Unlike its predecessors, the Zuma administration really does seem to take rural development seriously, perhaps seriously enough to eventually weaken the property protection in the Constitution in order to speed up land redistribution. Because, or so the thinking goes, putting black people on farms means they’ll be making money out in the sticks instead of in the major cities (which are having serious trouble absorbing jobseekers and keeping up with infrastructure requirements), and poverty in those far-flung reaches will be karate-chopped out of existence.
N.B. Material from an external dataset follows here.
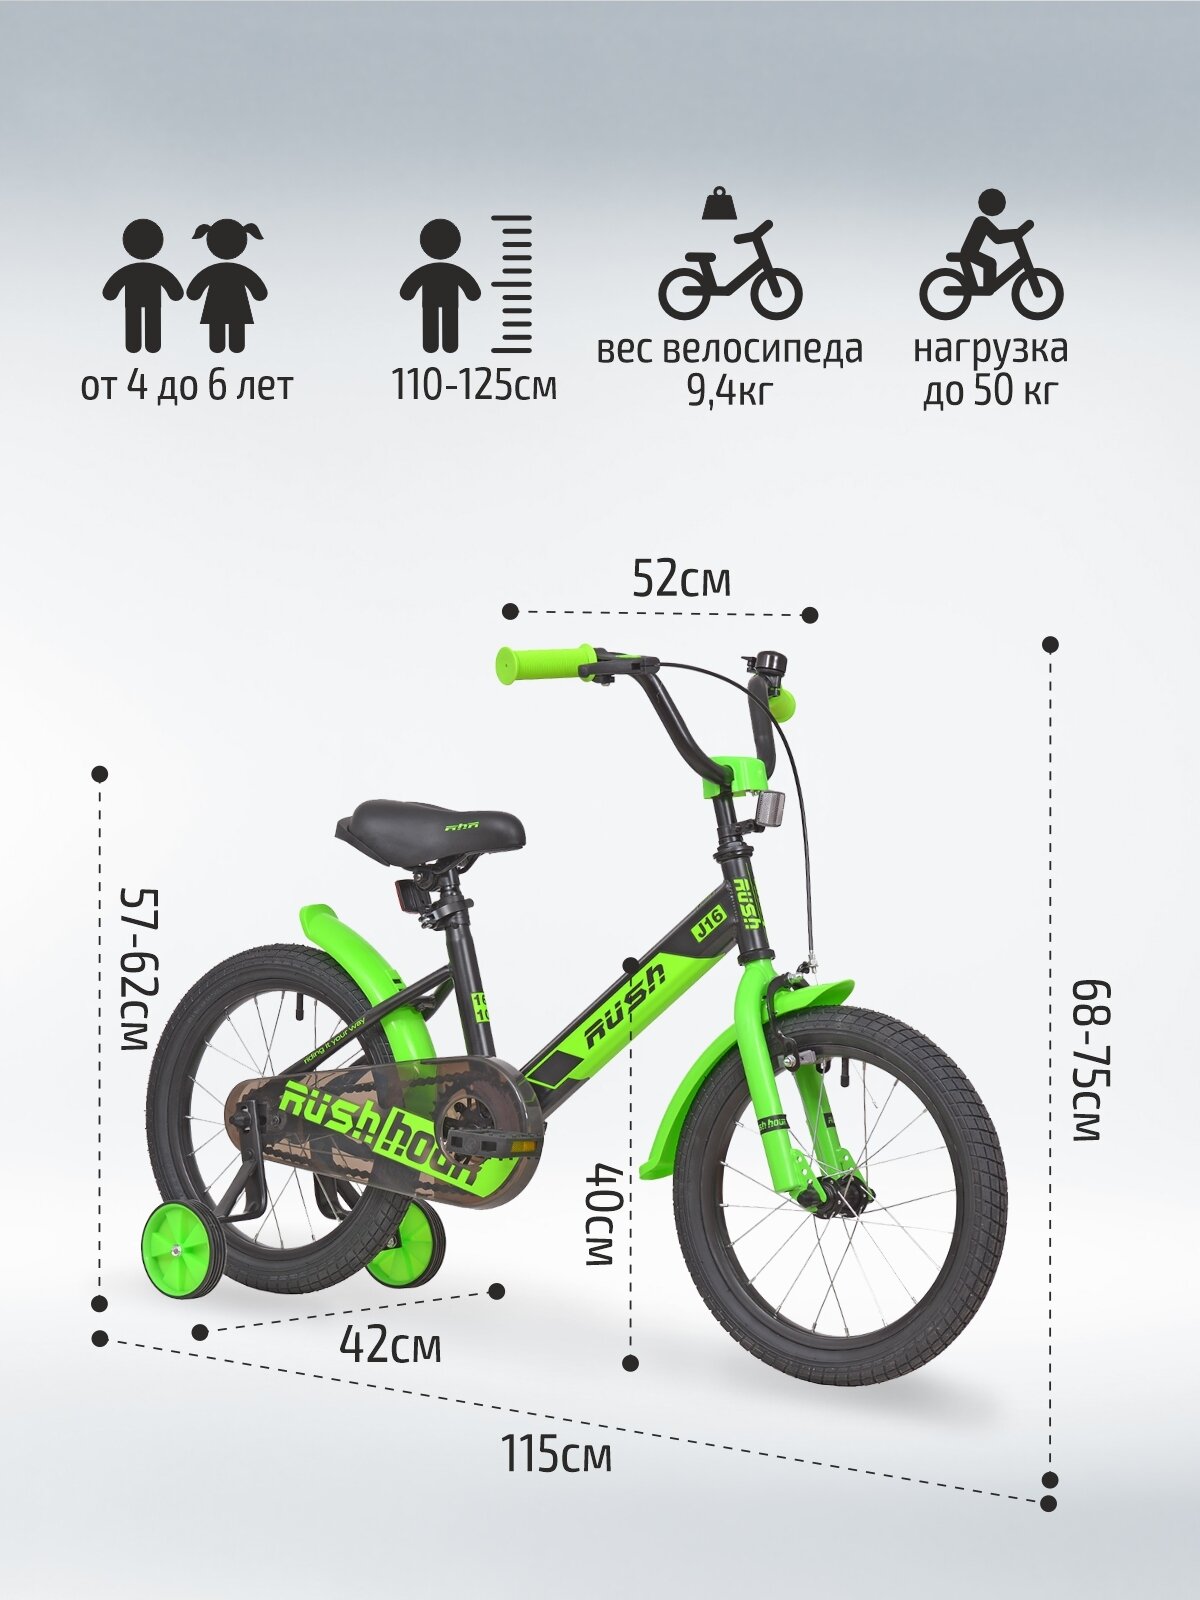 Велосипед двухколесный детский 16" дюймов RUSH HOUR J16 рост 110-125 см черный. Для девочки, для мальчиков, для малышей 4 года, 5 лет, 6 лет, для дошкольников, велик детский, раш
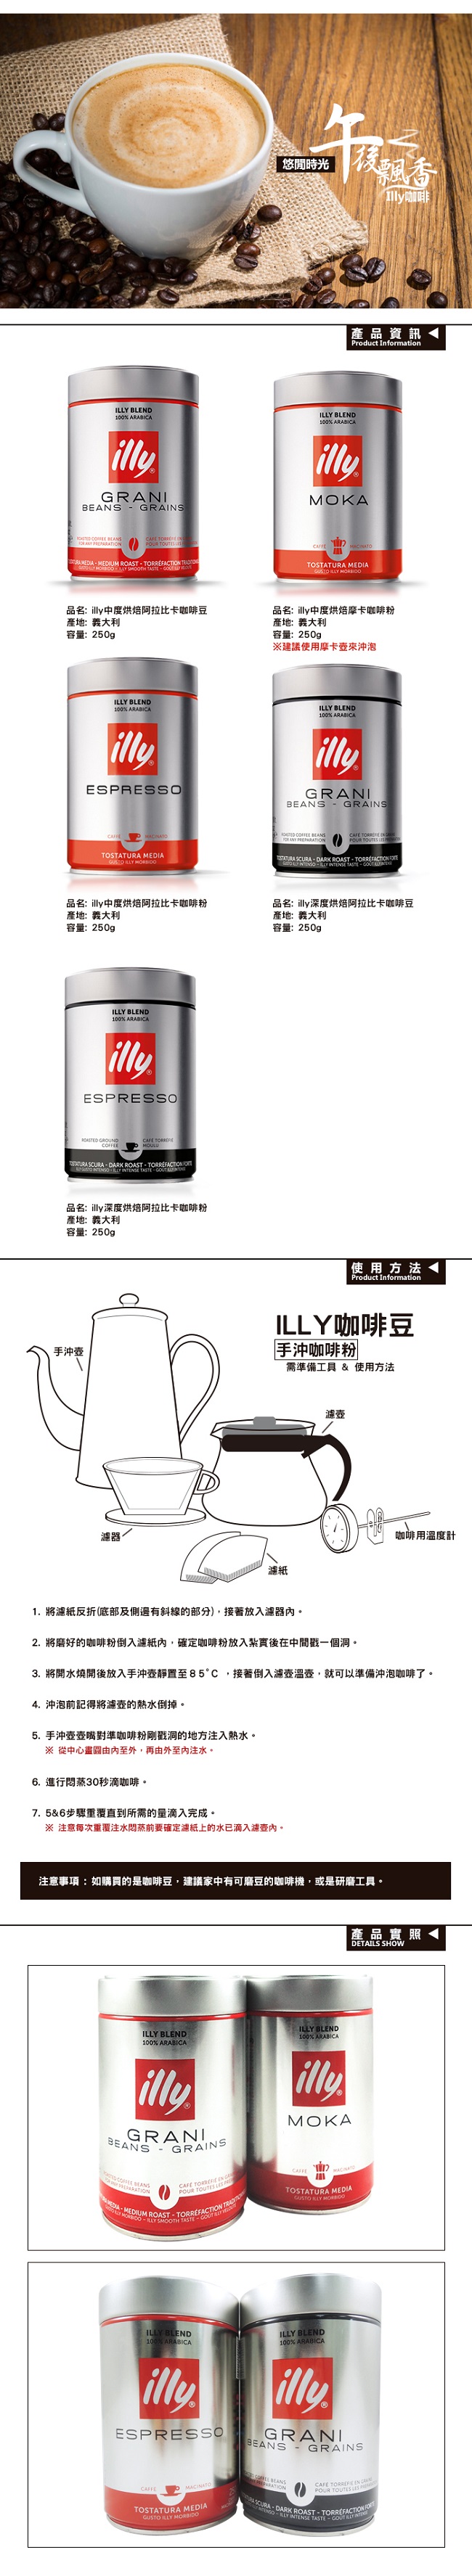 illy 中烘焙ESPRESSO咖啡粉 (250g)

There are any number of obvious problems with that approach, some of which are addressed in increasingly nuanced policies coming out of dedicated rural development organs. But a rural economic development summit underway in Sun City this week is inadvertently highlighting the most fundamental problems with the entire approach, and it’s going to take more than deep thinking to overcome those.
Social development minister Edna Molewa provided a good example of the prevailing thinking on Monday. “Our government is acutely aware that the agriculture sector alone can provide resilience to our economy and employment to the vast millions,” she told a group of government officials and NGO workers.
Just hours earlier those same delegates had heard of the problems small black farmers, rural or not, are facing. Problems of scale, for instance, which makes it hard for them to compete with the ever-more-productive large-scale agribusinesses. With margins already under pressure, small-scale farmers find that demand in the local market is pretty static, which forces them to cut prices or struggle to sell what they produce. At the top end of the market, where there is both room and profit to be had, they are at an even greater disadvantage. If you want to export, for instance, you need to jump through any number of quality and health and safety hoops, none of them designed for ease of access by barebones outfits. And that doesn’t even take into account the networks of trust that have been built up between the established, mostly white, farmers and their channel to market.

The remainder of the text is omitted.